The Pope has just one more public appearance,  at his weekly audience on Wednesday.

No date has yet been set for the start of the  conclave of cardinals, who will vote in secret to elect Benedict’s successor.

One Italian in the crowd seemed to be doing a  little campaigning, hoisting a sign which mentioned the name of two Italian  cardinals considered by observers to be potential contenders in the selection of  the next pontiff.

The cardinals in the conclave will have to  decide whether it’s time to look outside of Europe for a pope.

Meanwhile Britain’s most senior Catholic  clergyman, Cardinal Keith O’Brien, has been reported to the Vatican for  alleged inappropriate behaviour, it emerged last night.

Three priests and one former priest have sent  statements to the papal nuncio, Antonio Mennini, alleging impropriety dating  back to 1980.

As head of the Roman Catholic Church in  Scotland, next week O’Brien will be part  of the conclave choosing the next Pope,  but now he faces demands for his  immediate resignation.

As reported by The Observer, one of the  priests alleges that he has needed counselling after an inappropriate  relationship with O’Brien.
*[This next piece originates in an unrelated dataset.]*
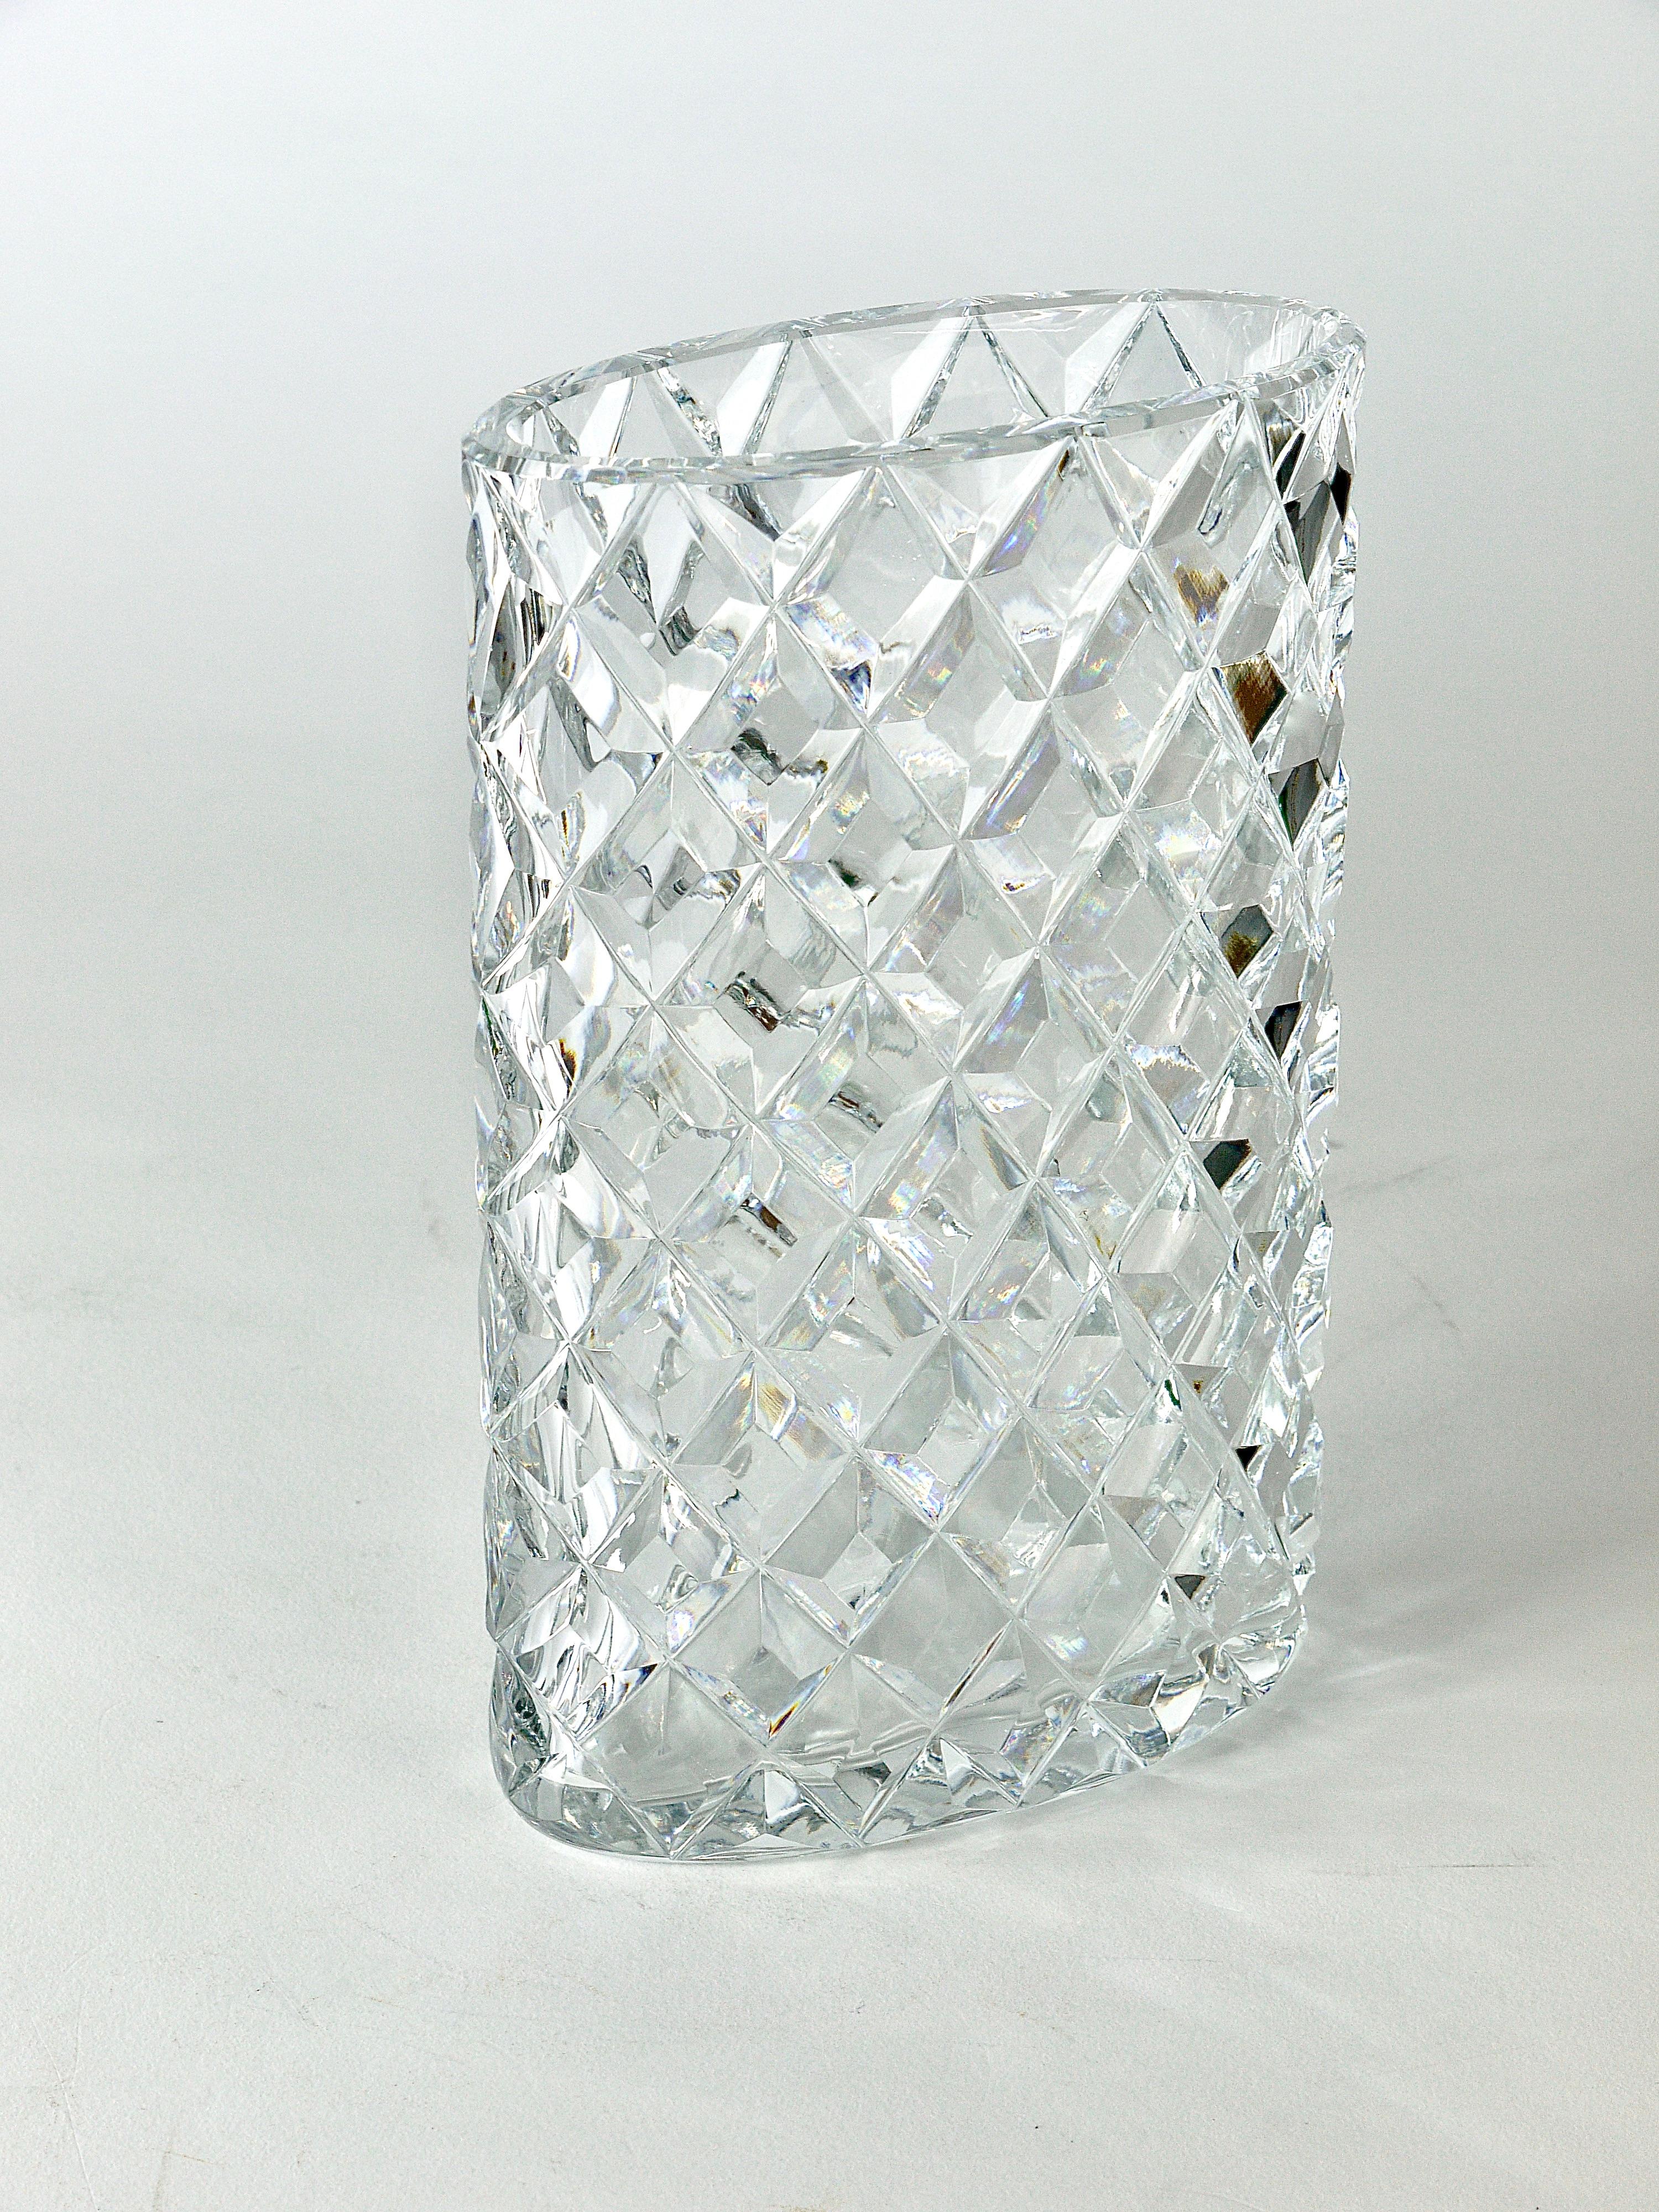 Sparkling Facetted Crystal Glass Vase by Claus Josef Riedel, Austria, 1970s For Sale 7

A second complainant  said that he was  18-years-old when O’Brien made an inappropriate approach after  night  prayers.

A third said he was invited to ‘get to know’  O’Brien at the archbishop’s  residence only to face ‘unwanted behaviour’ from  O’Brien after late-night drinking.

The four are all from the diocese of St  Andrews and Edinburgh.

A spokesman for the cardinal said that he  contests the allegations.